Most errors tell you whether they're worth retrying or if you should give up.

## What's Different From Other Libraries?

### Performance
Most trading libraries are built for "demo day" - they work fine for small examples but fall apart under real load. This one is designed for people who actually need to process thousands of updates per second.

### Tick Alignment
The library enforces price tick alignment automatically. If someone sends you a price that doesn't align to the market's tick size (like $0.6543 when the tick size is $0.01), it gets rejected. This prevents weird pricing bugs.
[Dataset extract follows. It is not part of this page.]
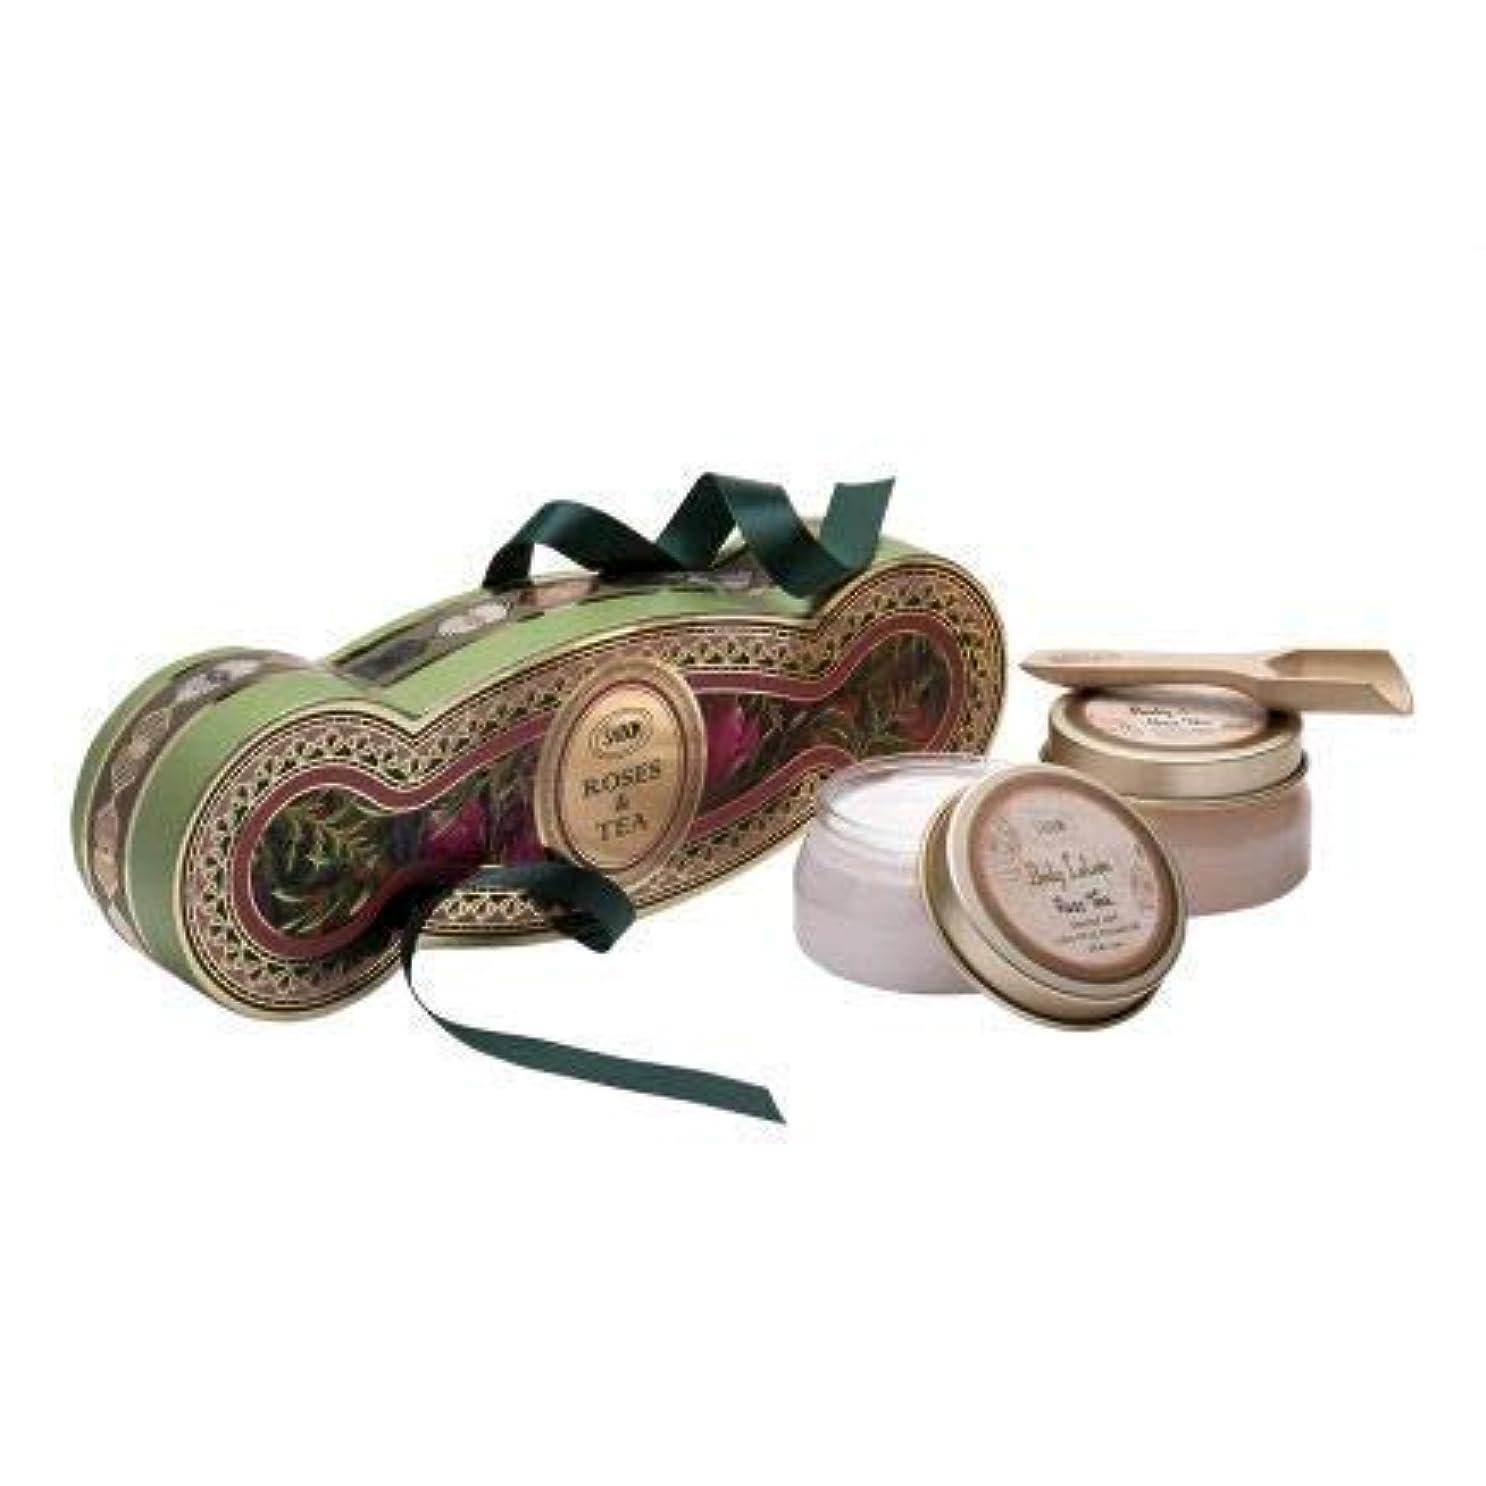 攻撃的新年リビジョンサボン コフレ ギフト ローズティー キット ボディスクラブ ボディローション ホワイトデー SABON Rose Tea kit コレクション

*The tick alignment code includes detailed comments about why this matters for market integrity and how the integer math makes validation nearly free.*

### Memory Management
Order books can grow huge if you're not careful. The library automatically trims them to keep only the relevant price levels, and you can clean up stale books that haven't updated recently.